DATA FOR REVIEW:
========================================================================

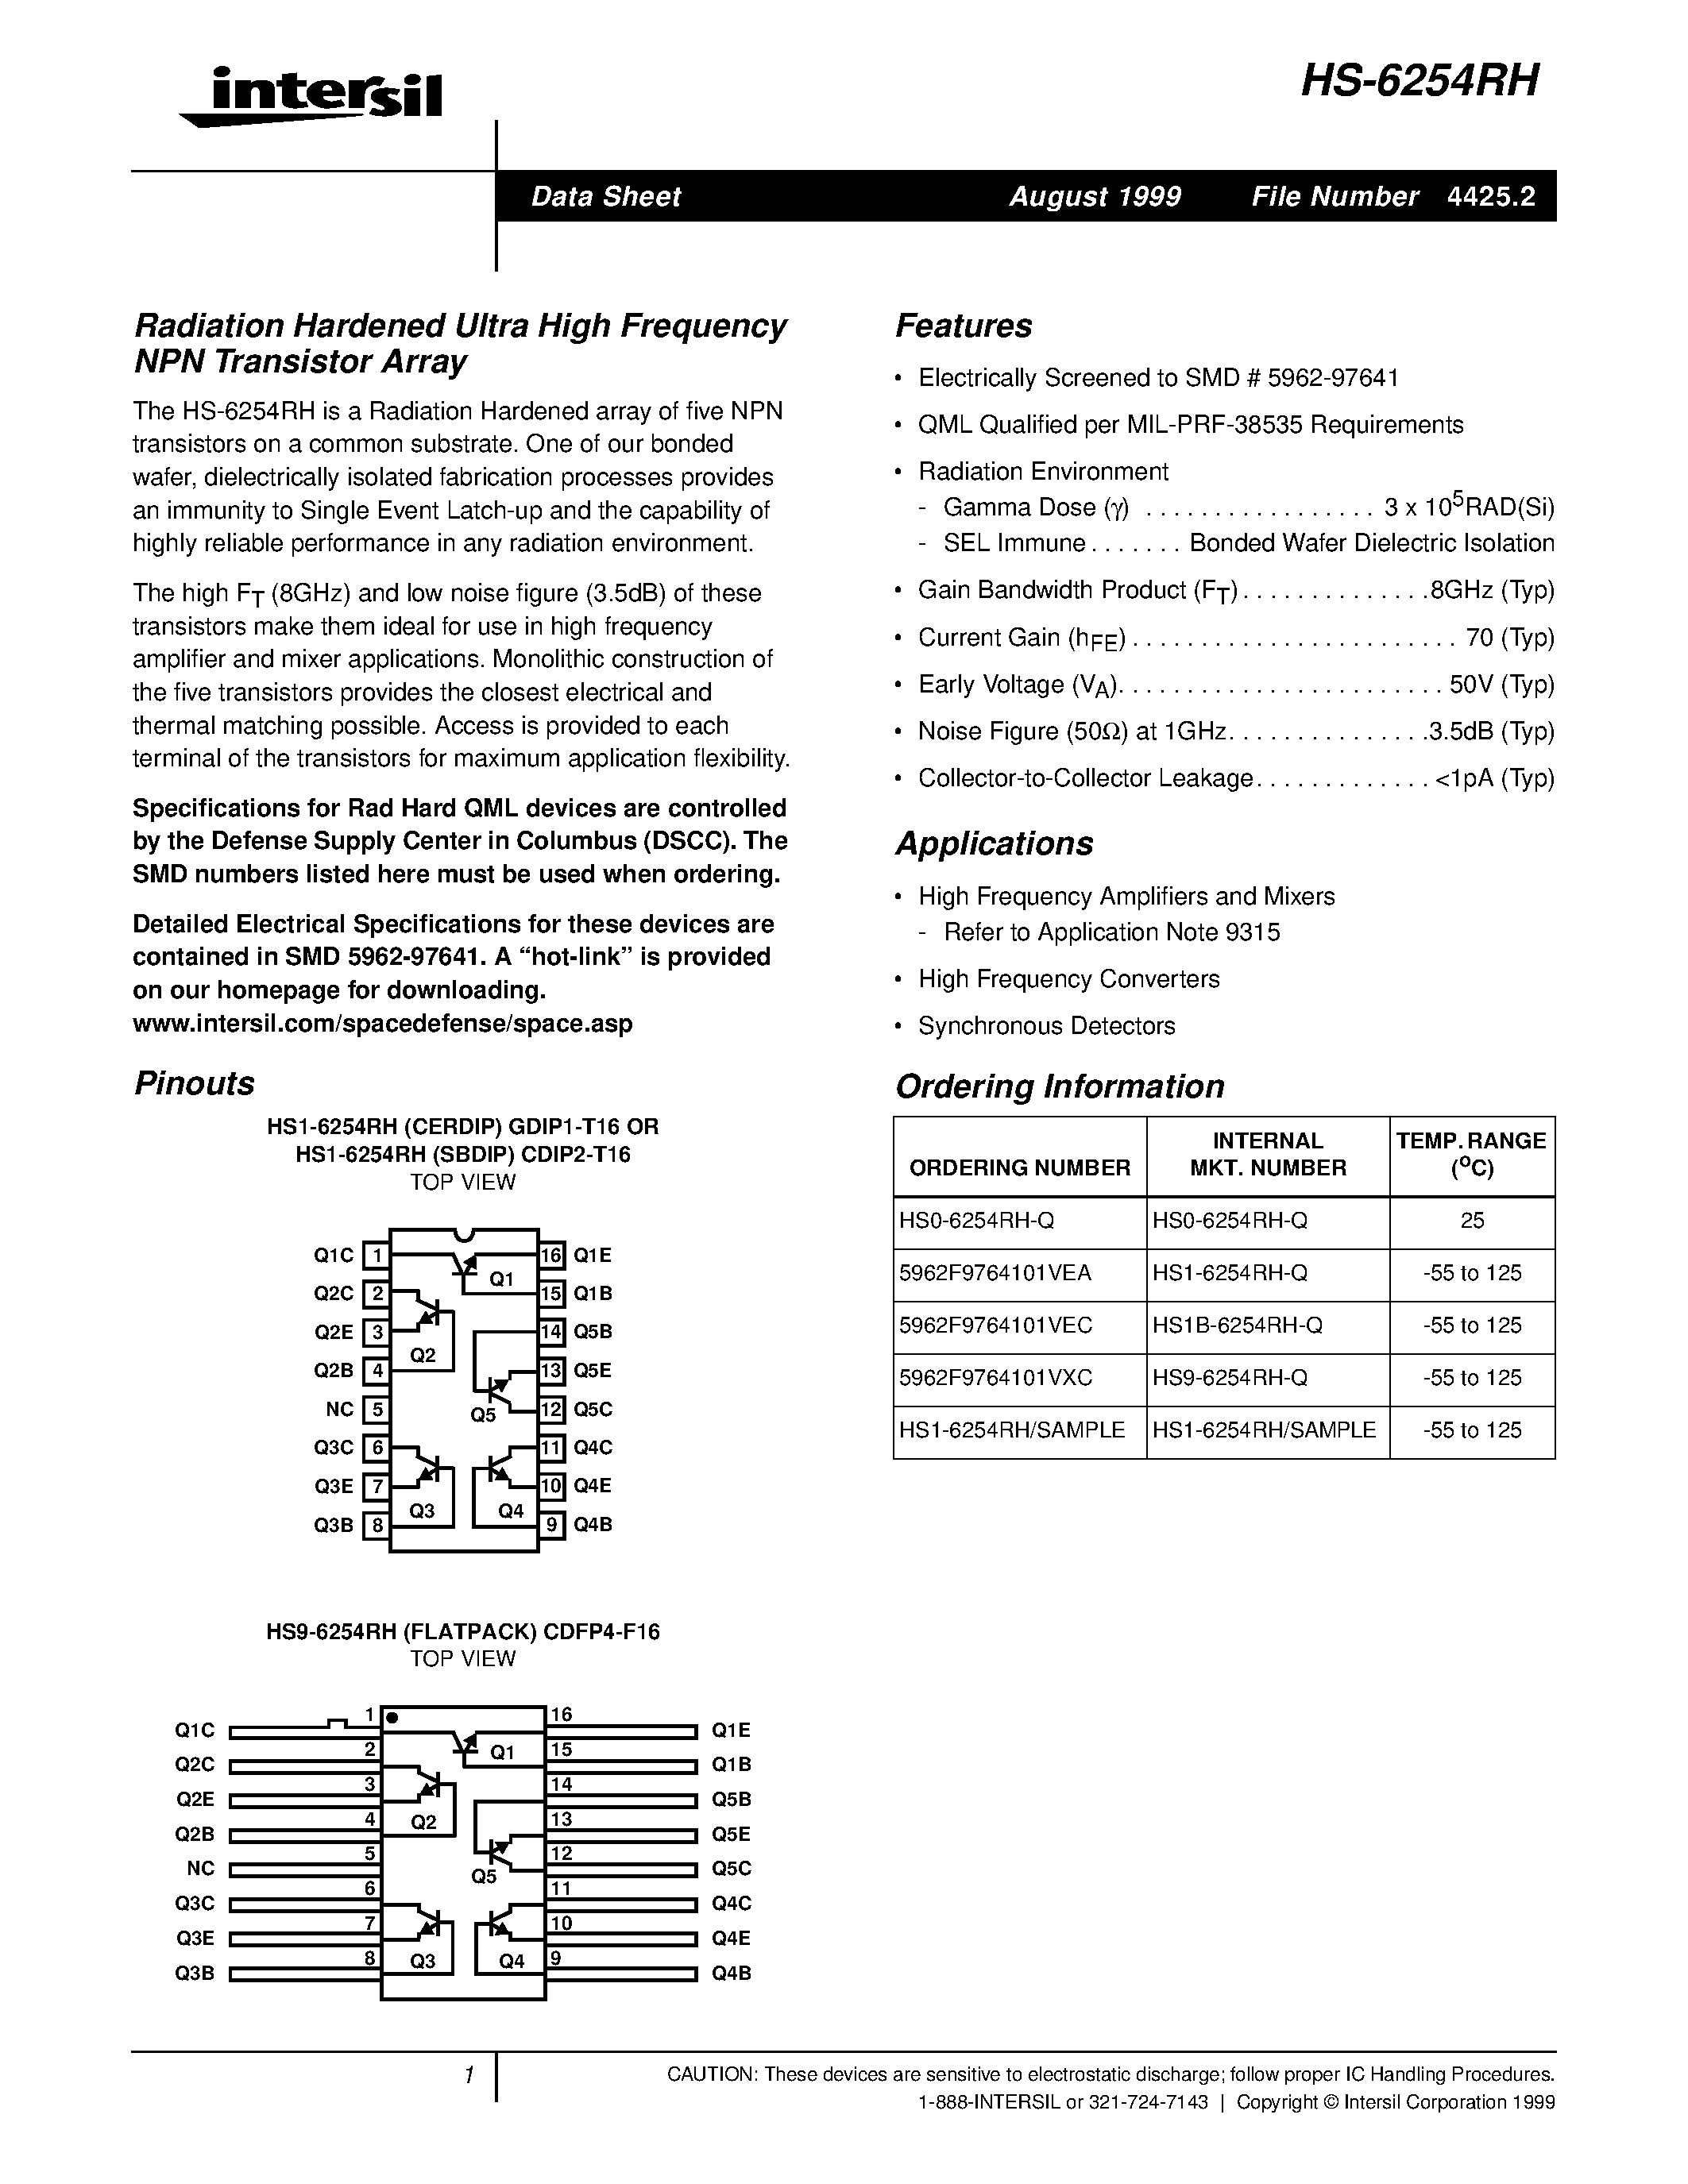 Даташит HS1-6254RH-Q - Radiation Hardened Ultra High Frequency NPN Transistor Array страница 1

========================================================================

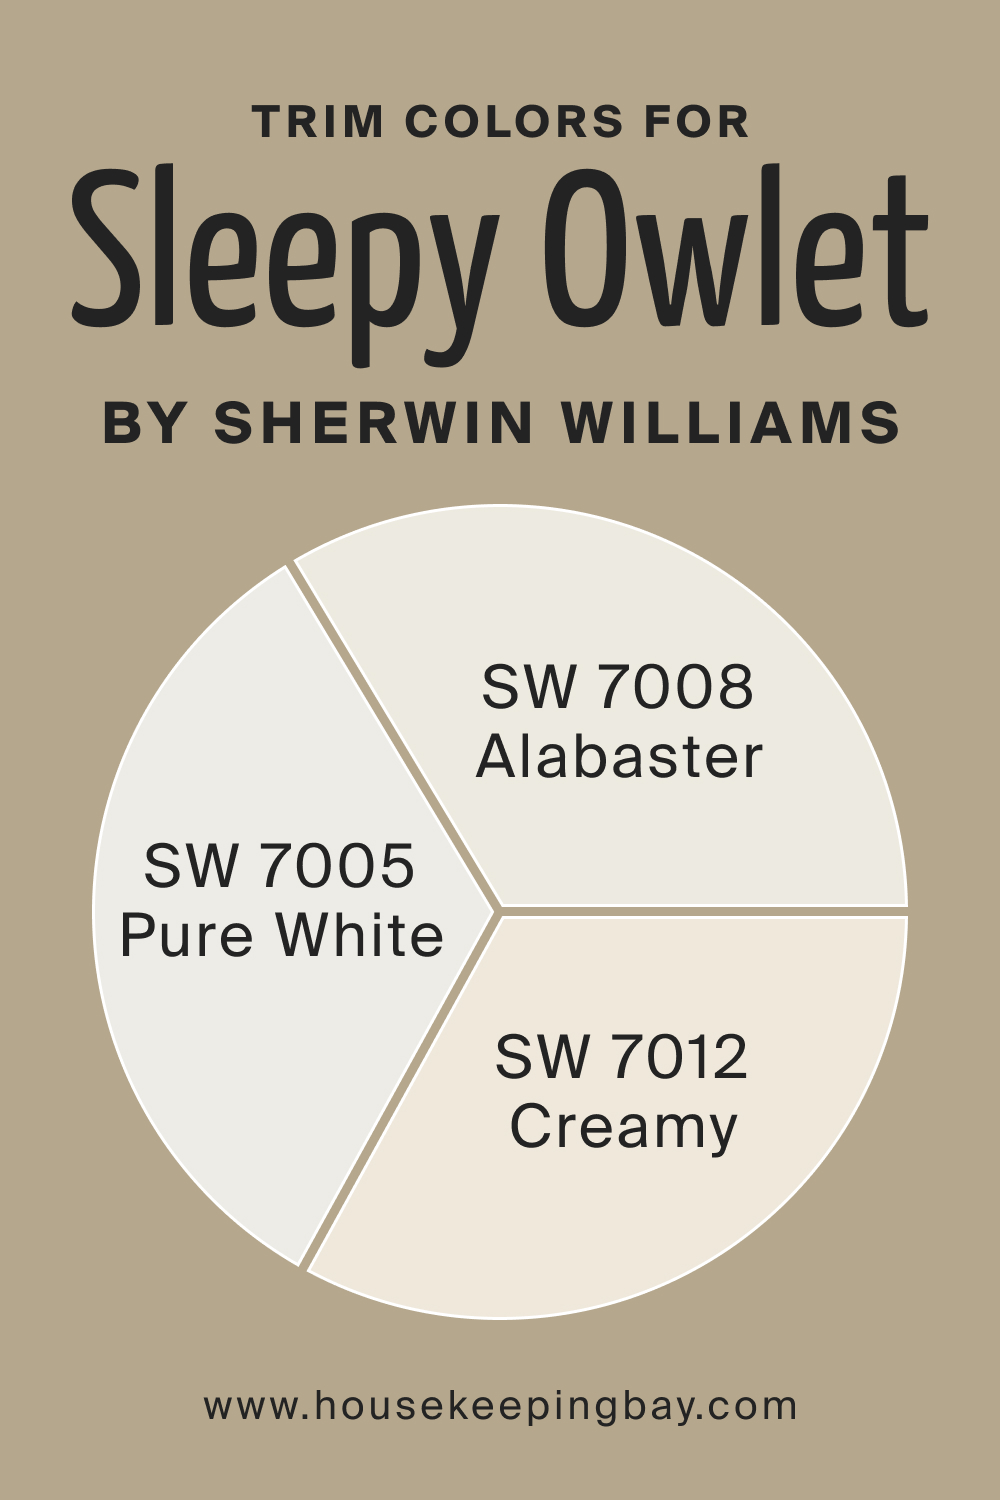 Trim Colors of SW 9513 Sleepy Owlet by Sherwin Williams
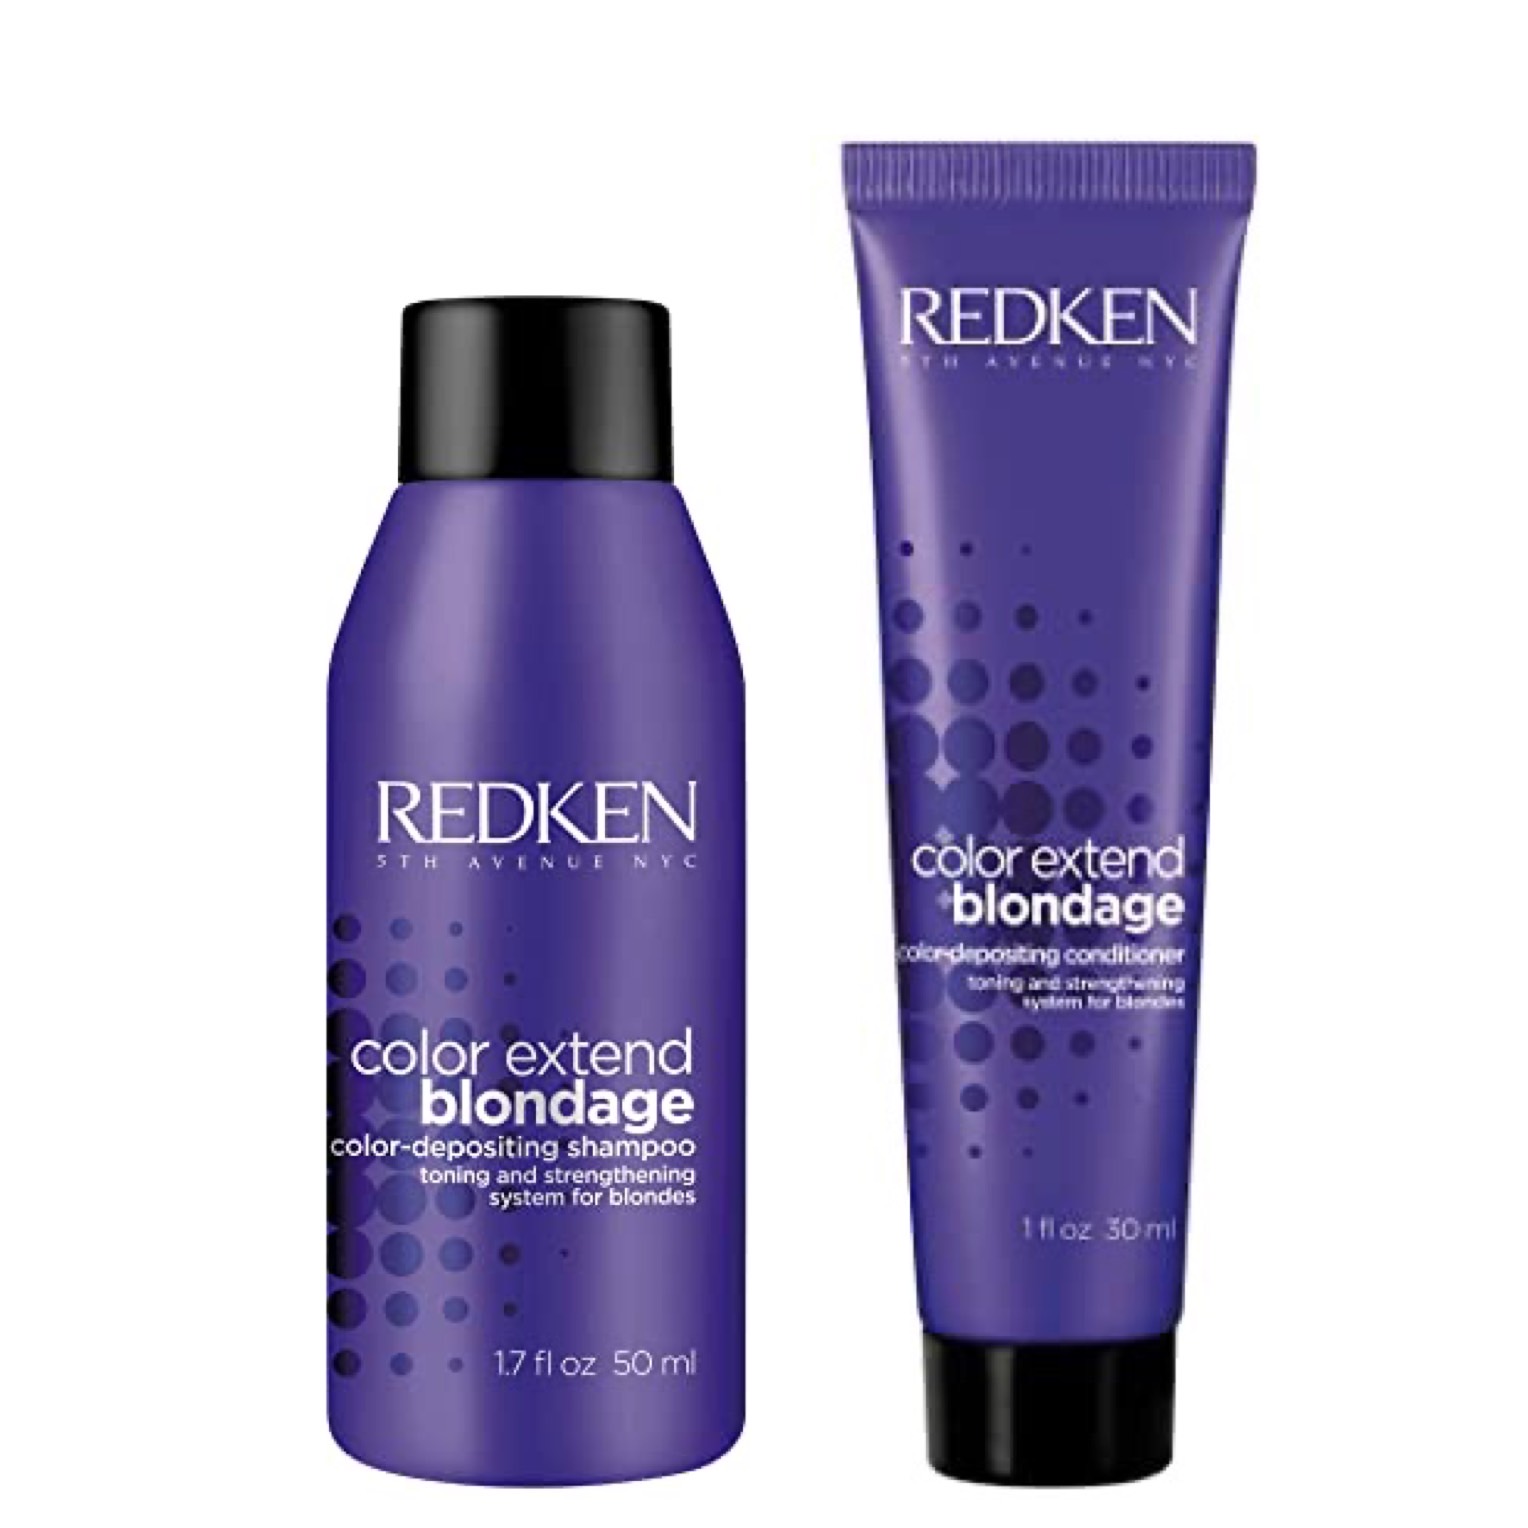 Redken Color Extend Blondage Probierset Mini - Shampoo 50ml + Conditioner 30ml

========================================================================

Everything between and including the line above containing "Trim Colors of" and the line containing "Redken Color Extend" should be reproduced exactly, with pictures excluded.

ANSWER SECTION:
 Trim Colors of SW 9513 Sleepy Owlet by Sherwin Williams
 Redken Color Extend Blondage Probierset Mini - Shampoo 50ml + Conditioner 30ml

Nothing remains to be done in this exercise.